Present-day data storage solutions like the Azure data platform offer improved scalability and performance over mainframe and midrange systems. By modernizing, you can take advantage of these benefits. However, updating technology, infrastructure, and practices is complex. The process involves an exhaustive investigation of business and engineering activities. Data management is one aspect to consider when modernizing. But you also need to look at data visualization and integration.
Successful modernizations use a data-first strategy. With this approach, organizations focus on the data, rather than the new system. Data management is no longer merely an item on the modernization checklist. Instead, the data becomes the centerpiece. Sustainable systems result, as harmonized, quality-oriented data solutions replace fragmented, poorly governed ones.
This reference architecture outlines an end-to-end modernization plan for mainframe and midrange data sources. The solution uses Azure data platform components in a data-first approach. Specifically, the plan involves:
- Object conversion: Converting object definitions from the source data store to corresponding objects in the target data store.
- Data ingestion: Connecting to the source data store and extracting data.
- Data transformation: Transforming extracted data into appropriate target data store structures.
- Data storage: Loading data from the source data store to the target data store, both initially and continually.
Potential use cases
Mainframe and midrange customers can benefit from this solution, especially when targeting these goals:
- Modernize mission-critical workloads.
- Acquire business intelligence to improve operations and gain a competitive advantage.
- Escape the high costs and rigidity associated with mainframe and midrange data stores.
The diagram contains two parts, one for on-premises components, and one for Azure components. The on-premises part contains boxes that represent the file system, the relational and non-relational databases, and the object conversion components. Arrows point from the on-premises components to the Azure components. One of those arrows goes through the object conversion box, and one is labeled on-premises data gateway. The Azure part contains boxes that represent data ingestion and transformation, data storage, Azure services, and client apps. Some arrows point from the on-premises components to the tools and services in the data integration and transformation box. Another arrow points from that box to the data storage box, which contains databases and data stores. Additional arrows point from data storage to Azure services and to client apps.
Download a Visio file of this architecture.
Data modernization involves the following steps. Throughout the process, an on-premises data gateway transfers data quickly and securely between on-premises systems and Azure services (1).
The object conversion process extracts object definitions from sources. The definitions are then converted into corresponding objects on the target data store (2).
Microsoft SQL Server Migration Assistance (SSMA) for Db2 migrates schemas and data from IBM Db2 databases to Azure databases.
Data Provider for Host Files converts objects by:
- Parsing COBOL and RPG record layouts, or copybooks.

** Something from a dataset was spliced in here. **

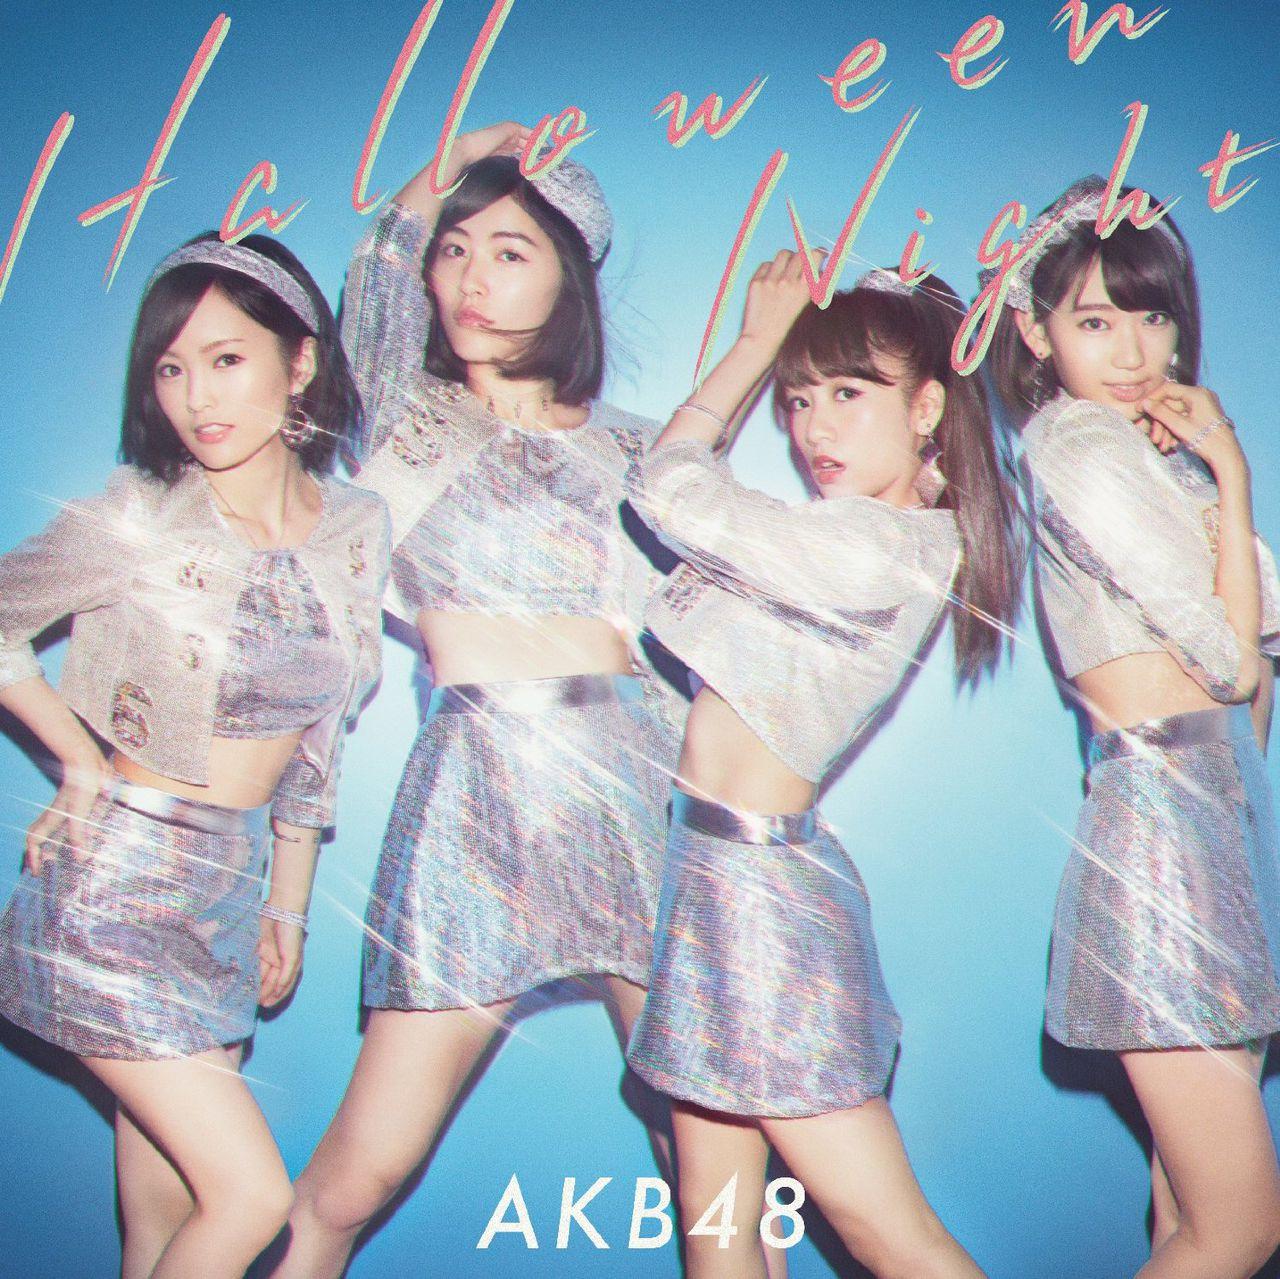 AKB48の画像 p1_15

- Mapping the copybooks to C# objects that .NET applications use.
Third-party tools perform automated object conversion on non-relational databases, file systems, and other data stores.
Data ingestion and transformation
In the next step, the process migrates data.
Data Provider connects remotely to IBM host file system servers (3a). With non-mainframe systems, Data Provider reads data offline.
Mainframe and midrange systems store data on DASD or tape in EBCDIC format in these types of files:
COBOL, PL/I, and assembly language copybooks define the data structure of these files. Data Provider converts the data from EBCDIC to ASCII format based on the copybook layout.
FTP converts and transfers mainframe and midrange datasets with single layouts and unpacked fields to Azure (3b).
IBM mainframe and midrange systems store data in relational databases including:
These services migrate the database data (3c):
- Azure Data Factory uses a Db2 connector to extract and integrate data from these databases.
- SQL Server Integration Services (SSIS) handles a broad range of data ETL tasks.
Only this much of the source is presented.